Supplied information ->
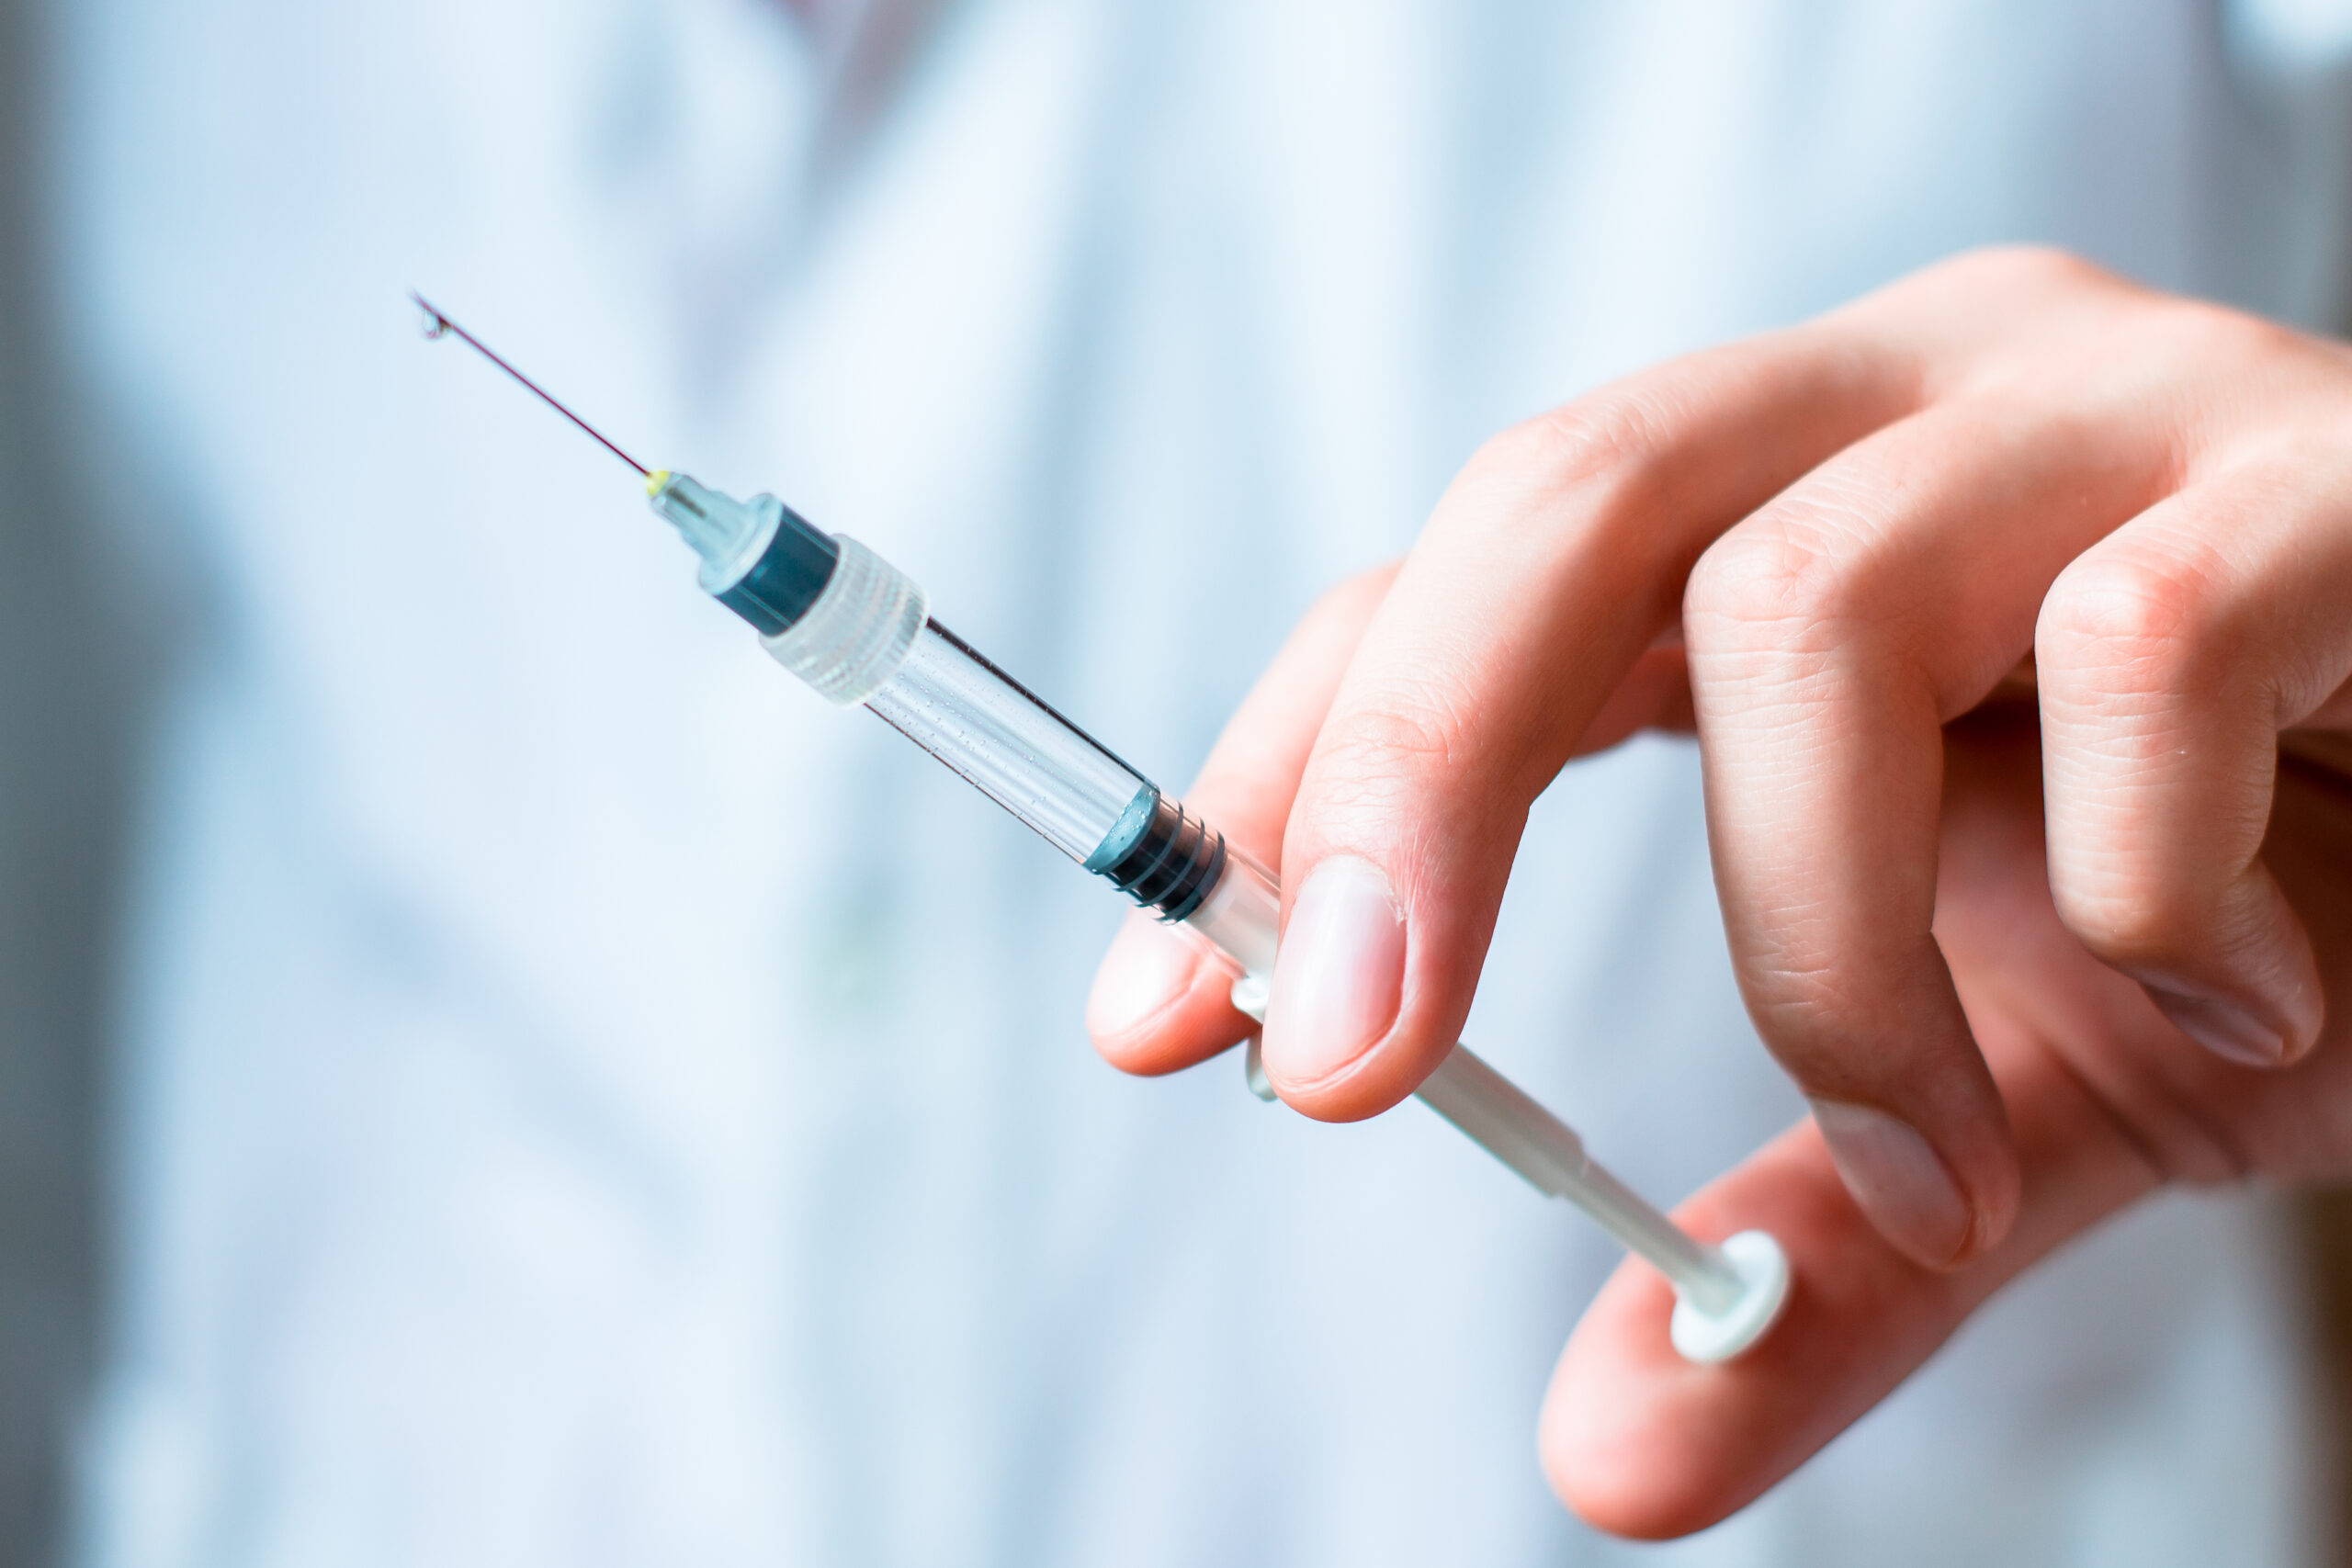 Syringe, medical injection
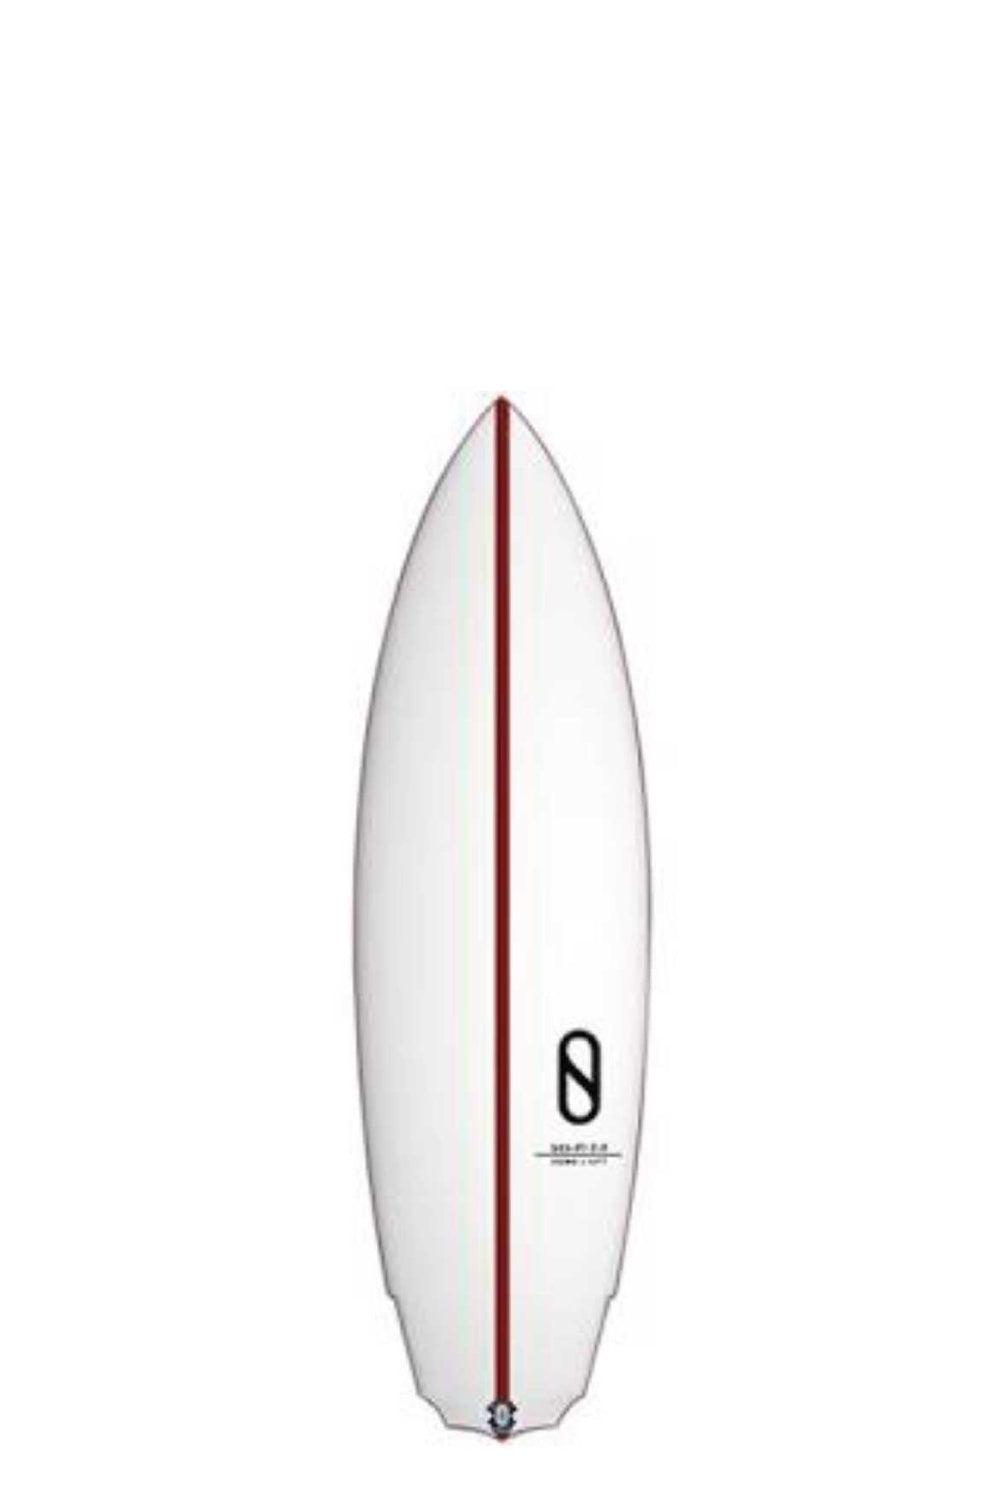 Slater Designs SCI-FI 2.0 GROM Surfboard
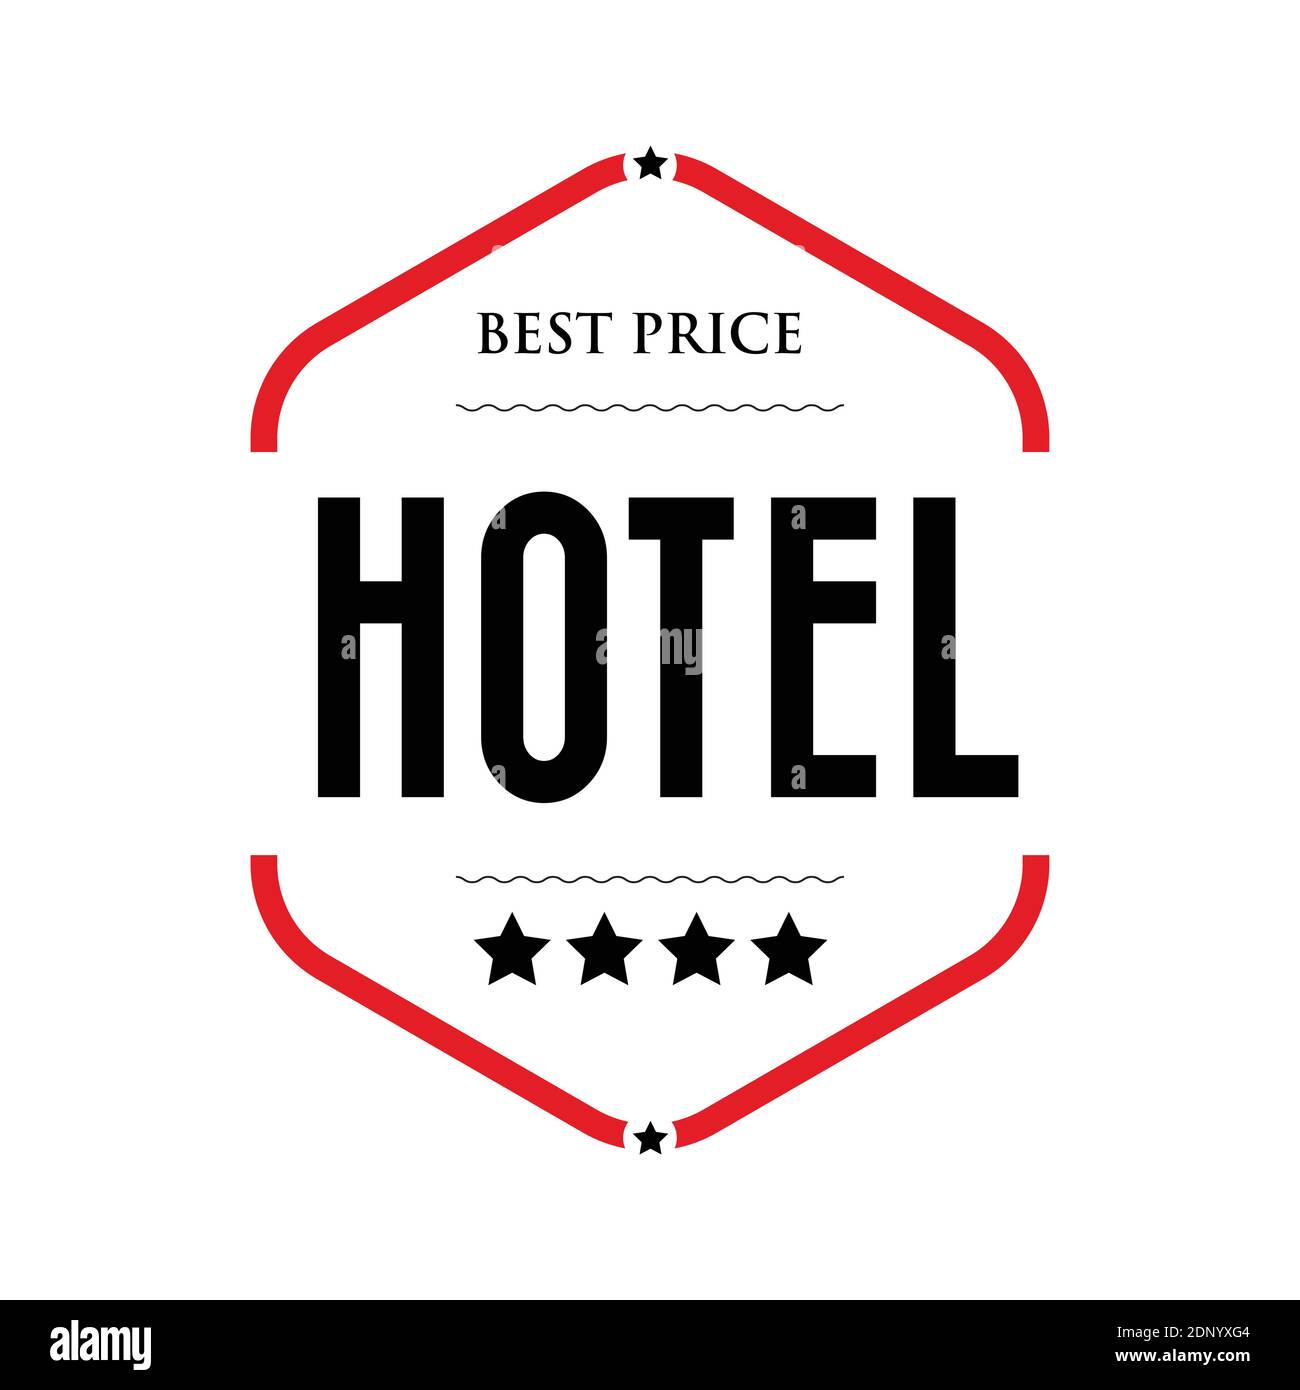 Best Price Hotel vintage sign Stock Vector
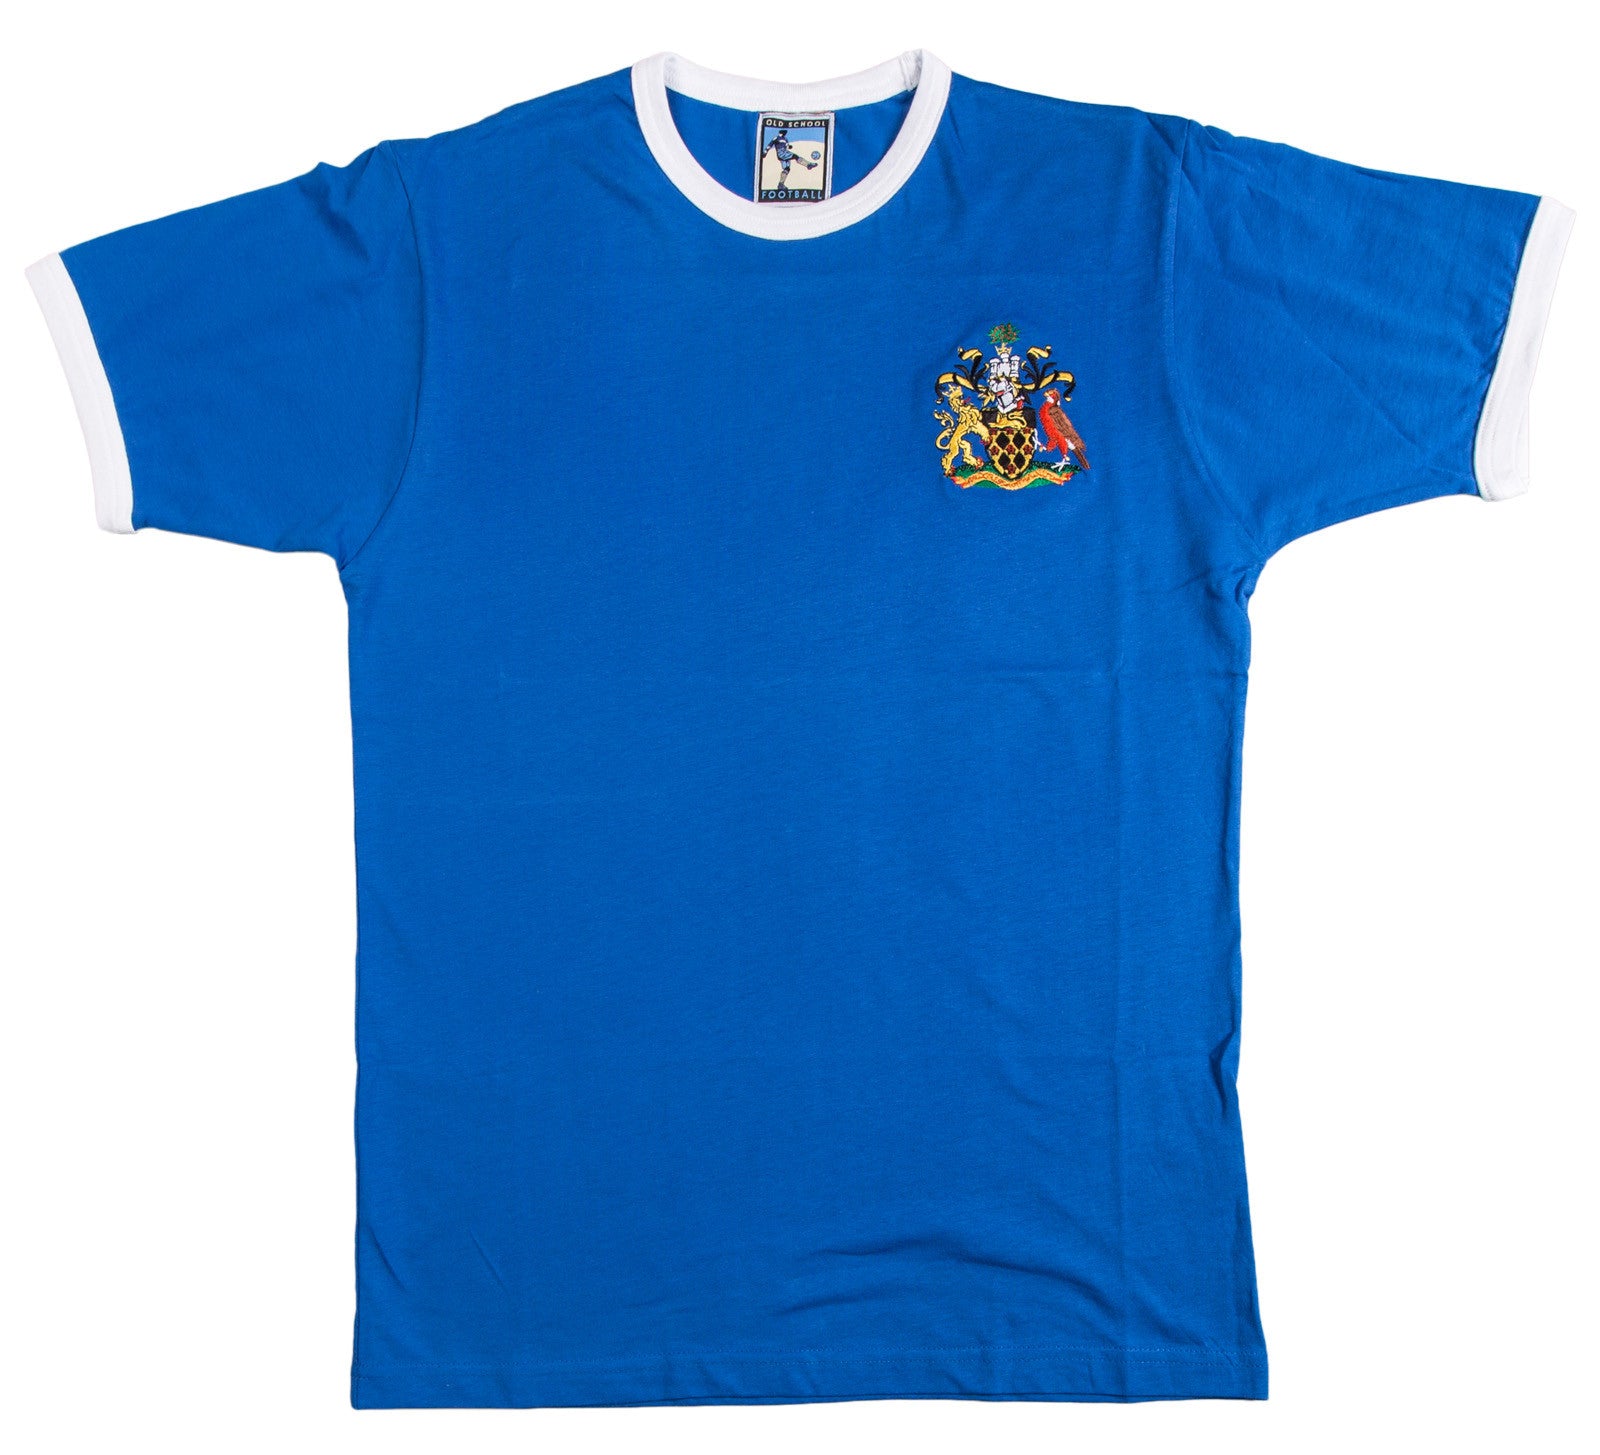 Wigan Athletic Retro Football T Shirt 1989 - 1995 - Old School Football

How to complete this task ->
Could you repeat all of the material exactly? Pictures should not be copied.

Exercise answer ->
 Syringe, medical injection
 Slater Designs SCI-FI 2.0 GROM Surfboard
 Best Price Hotel vintage sign Stock Vector
 Wigan Athletic Retro Football T Shirt 1989 - 1995 - Old School Football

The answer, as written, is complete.